Перевод с подстрочника - Евгений Львович Чижов
Потом на горящих от боли ногах его провели по полутёмным сводчатым коридорам — тюрьма была старой, наверное, еще довоенной постройки — и, сунув в каптёрке пропахшие табаком матрас, бельё и робу, втолкнули в камеру. В ноздри ударила сложная, многосоставная вонь курева, туалета и десятков почти голых, в одних трусах и тапках, потеющих тел, заполнявших камеру до отказа. Сырой воздух был таким мутным от папиросного дыма и испарений кишащей, татуированной и волосатой человеческой массы, что забранное решёткой окно на противоположной от двери стене было еле видно. Печигин кинул матрас на свободные нижние нары, лёг и стал искать положение, в котором тело бы меньше болело. То и дело над ним наклонялись наголо бритые коштырские головы, отливавшие желтизной от тусклой лампы над входом, и, скаля золотые зубы, разглядывали его, о чём-то между собой переговариваясь. Из-под соседних нар выполз из кучи тряпья тощий старик со свисавшей складками коричневой кожей и, лыбясь во всю ширину беззубого рта, уставился на Печигина, моргая младенческими глазами. Поднёс два пальца к лиловым жгутам губ, очевидно, прося закурить. Олег закрыл глаза, притворившись спящим, избитое тело ныло, как ни повернись, боль распирала, не помещаясь в нём. Последний раз Олега били в детстве, шпана во дворе, и теперь, слушая со всех сторон коштырский гвалт камеры, он чувствовал, как захлёстывает его напрочь забытая беспомощность: то, что произошло сейчас, не могло быть с ним, со взрослым Печигиным, только с тем давним, одиннадцати- или двенадцатилетним, скрывавшимся все эти годы в глубине памяти и извлечённым теперь болью наружу. Бредовость окружающего усиливалась пробивавшимся сквозь гомон знакомым голосом Народного Вожатого, раздававшимся из телевизора, стоящего на высоком шкафу посреди камеры. В нём живой и невредимый Гулимов что-то однообразно вещал (конечно, в записи), точно специально затем, чтобы Олег не мог никуда деться от воспоминания о его остекленелых глазах и сжимавших раскрошенную халву мёртвых пальцах. И если от картинки на экране можно было избавиться, закрыв веки, то от врубленного на полную мощность звука не спрячешься, он был слышен поверх всех голосов камеры, обвиняя Олега в своей смерти, не давая ему укрыться в жалости к себе, уличая и разоблачая.

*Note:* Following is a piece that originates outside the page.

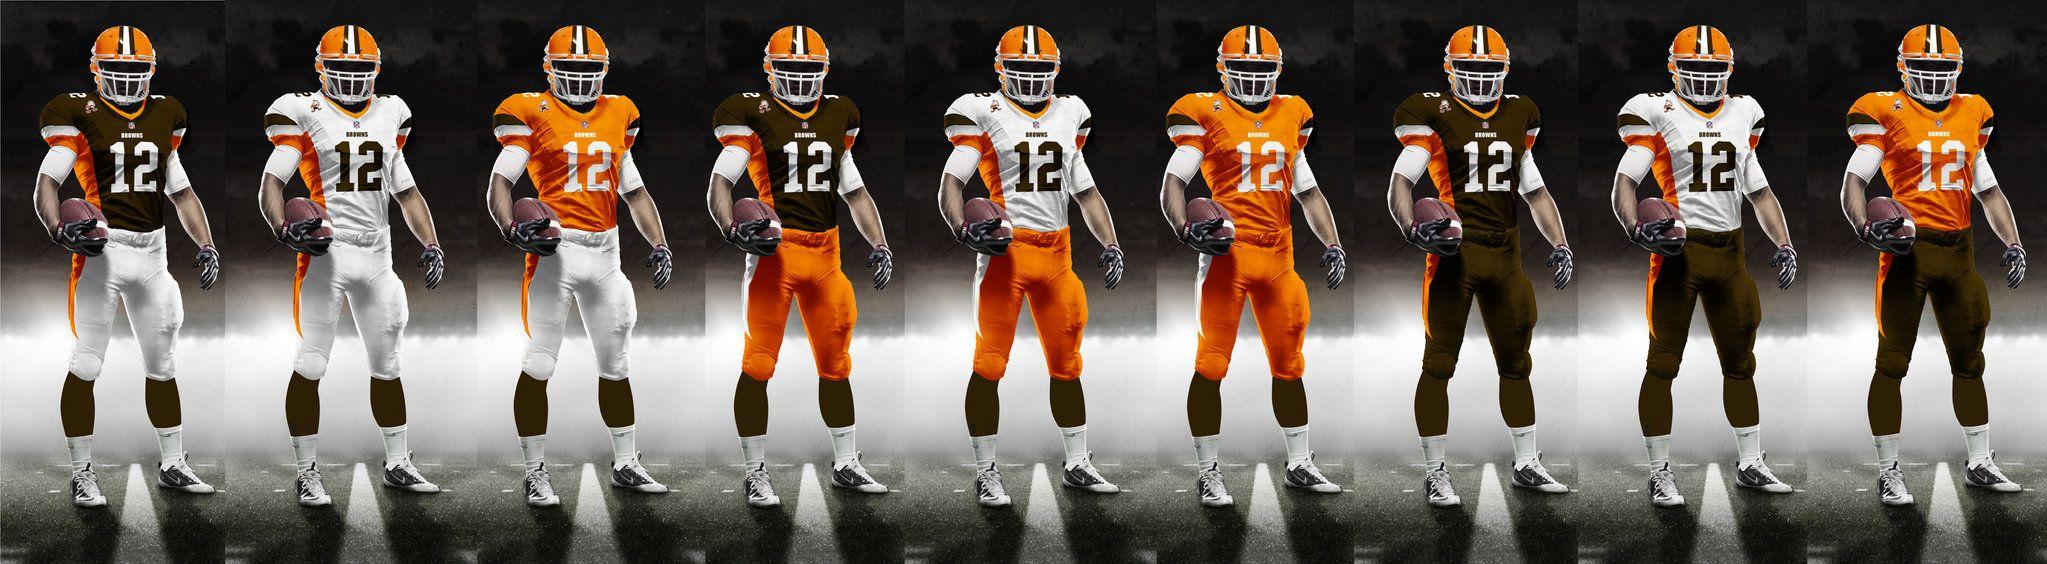 cleveland browns new jerseys
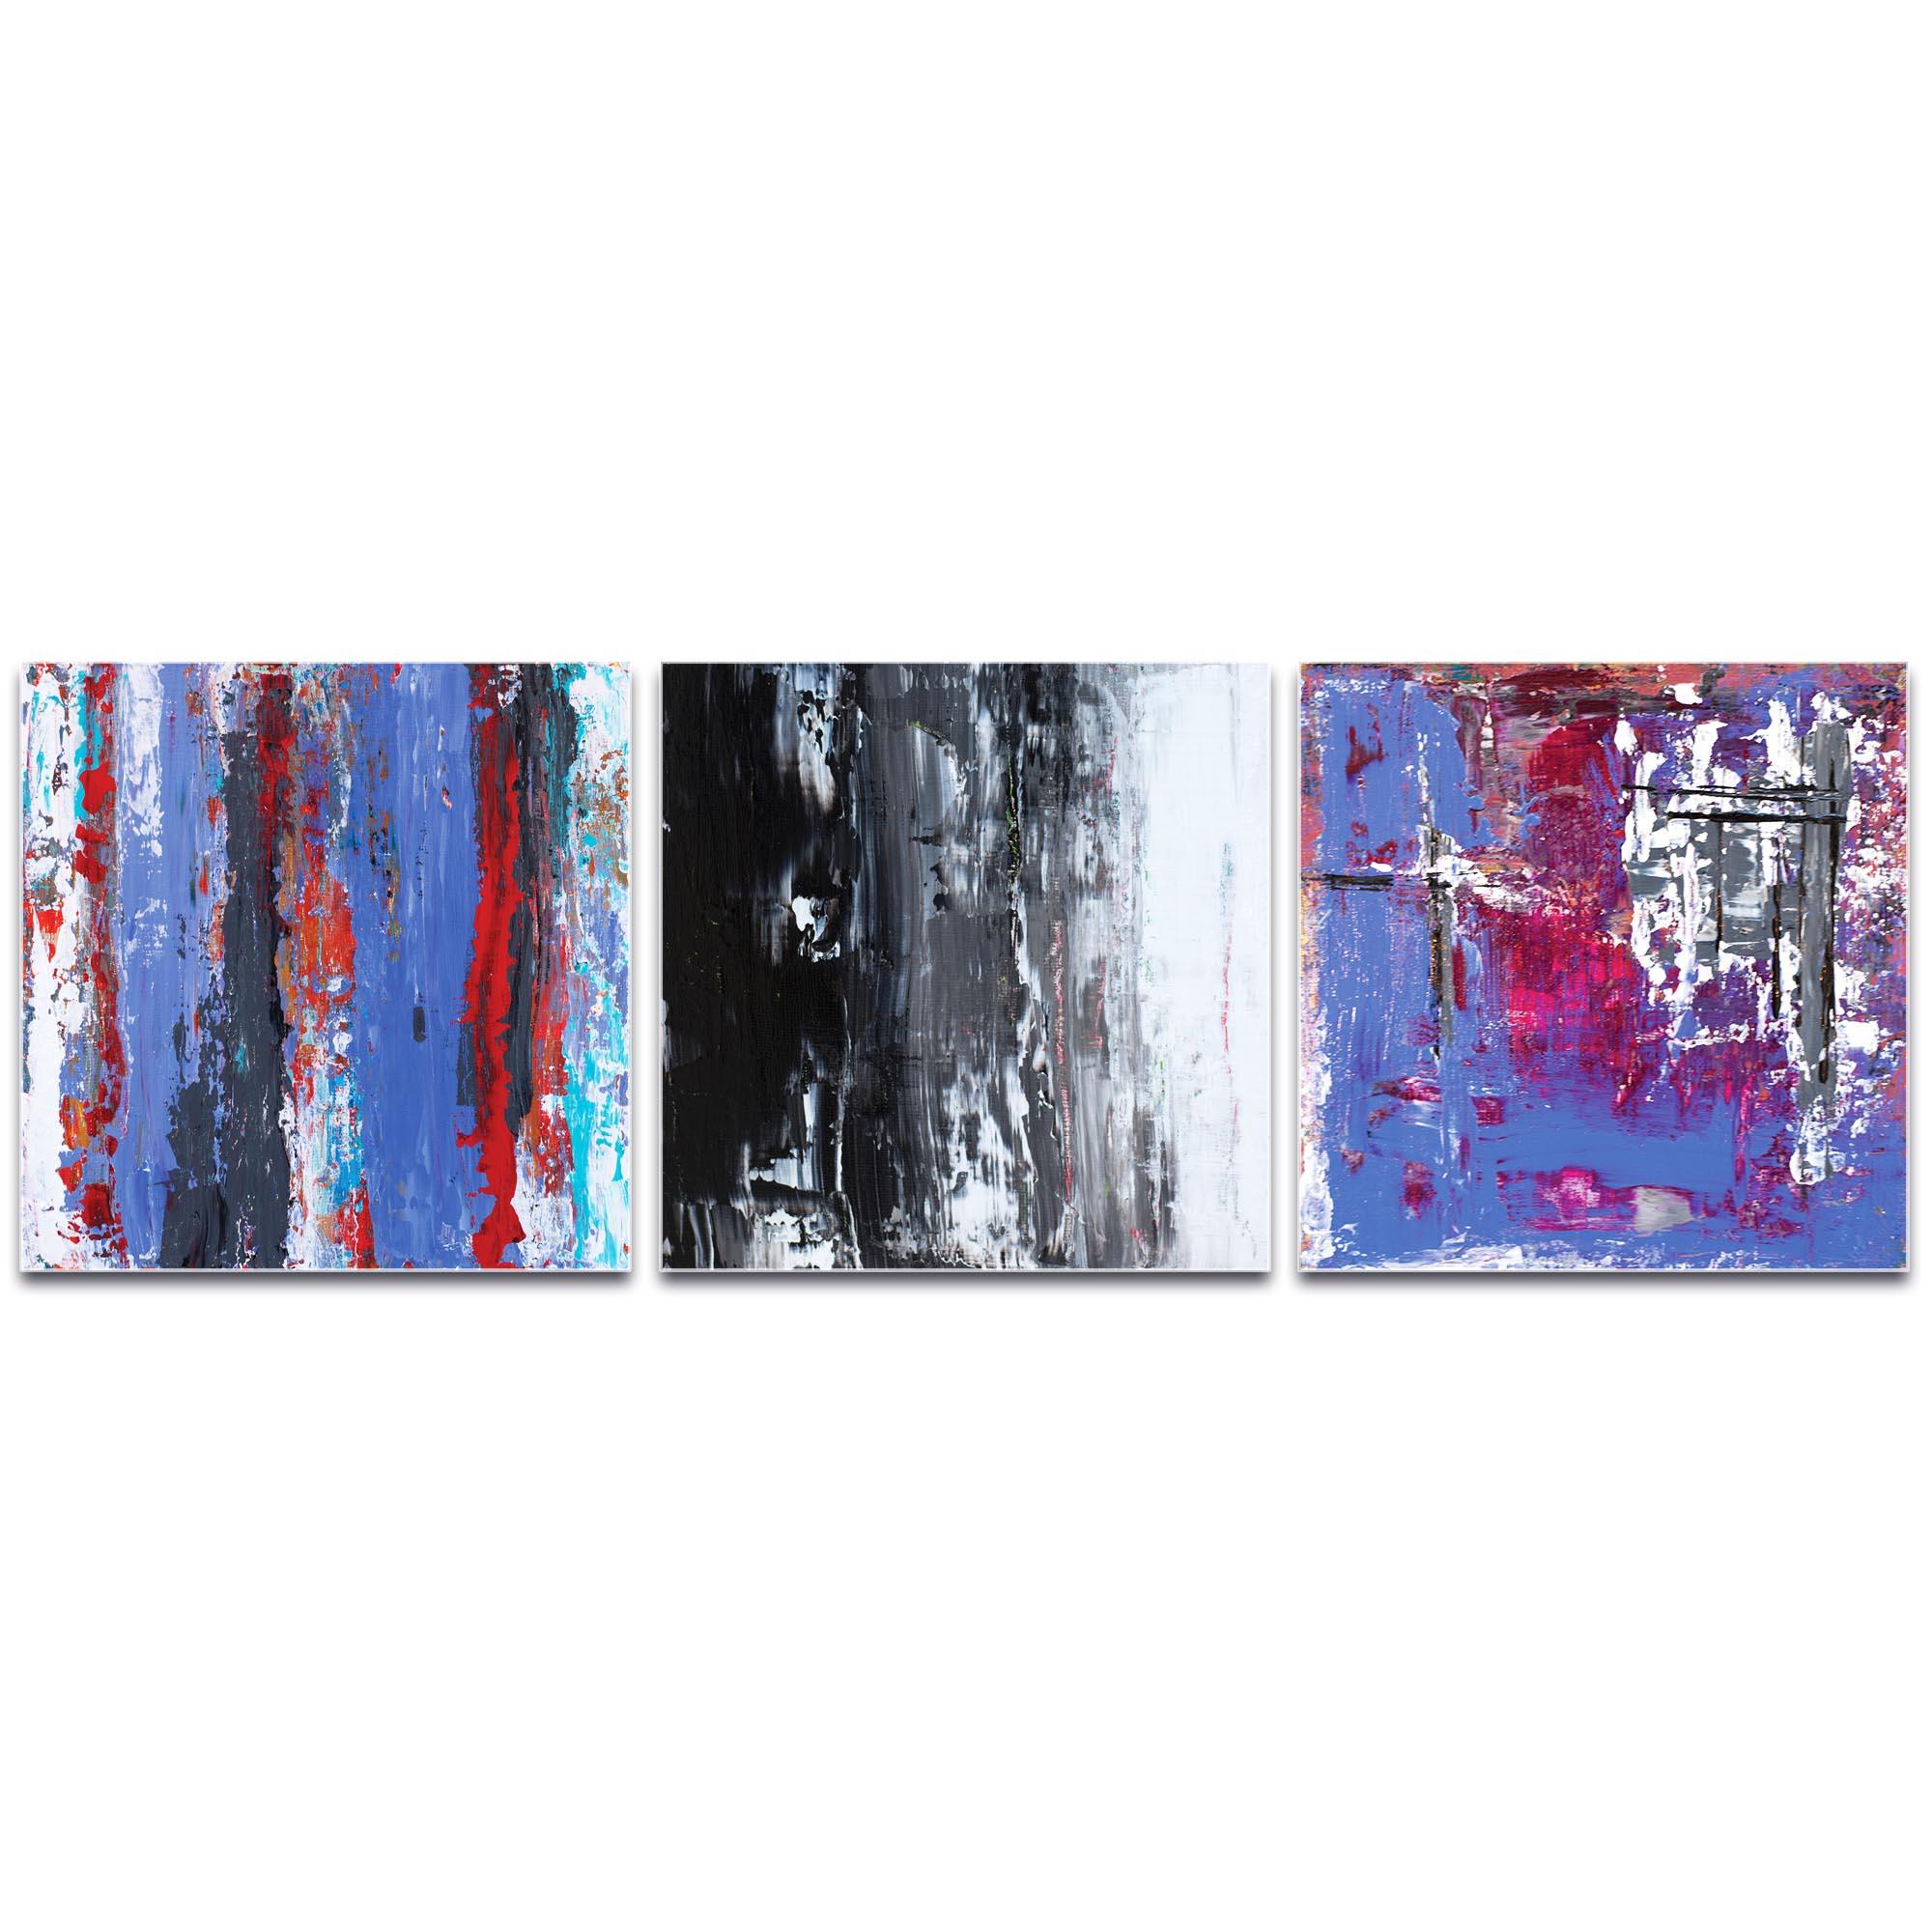 Abstract Wall Art 'Urban Triptych 4 Large' - Urban Decor on Metal or Plexiglass - Image 2

Как следует устроиться на нарах Печигину так и не удалось. Скоро его вывели из камеры и отвели в другую, поменьше. Здесь народу было не так много, но влажность еще больше, с потолка падал редкий дождь собиравшихся там капель. Обитатели камеры ходили в грязевых потеках, сползавших по вздувшимся от жары, воспалённым, как нарывы, татуировкам. Снова над Олегом склонялись, обсуждая его, тускло блестевшие потные лица. У одного не было левого уха, только небольшая дырка в голом черепе на его месте. Свет в камере был ярче, чем в предыдущей, и Печигин заметил, что большинство её обитателей покрыты экземой и постоянно скребутся, иногда присаживаясь на нары к соседу, оказывавшему дружескую услугу по чесанию какого-нибудь труднодоступного места, например между лопаток. В этой камере Печигин тоже надолго не задержался. Часа через полтора его снова вывели и перевели в небольшую камеру на четверых, где сидели только двое, и он мог даже выбрать, какие из двух свободных нар занять.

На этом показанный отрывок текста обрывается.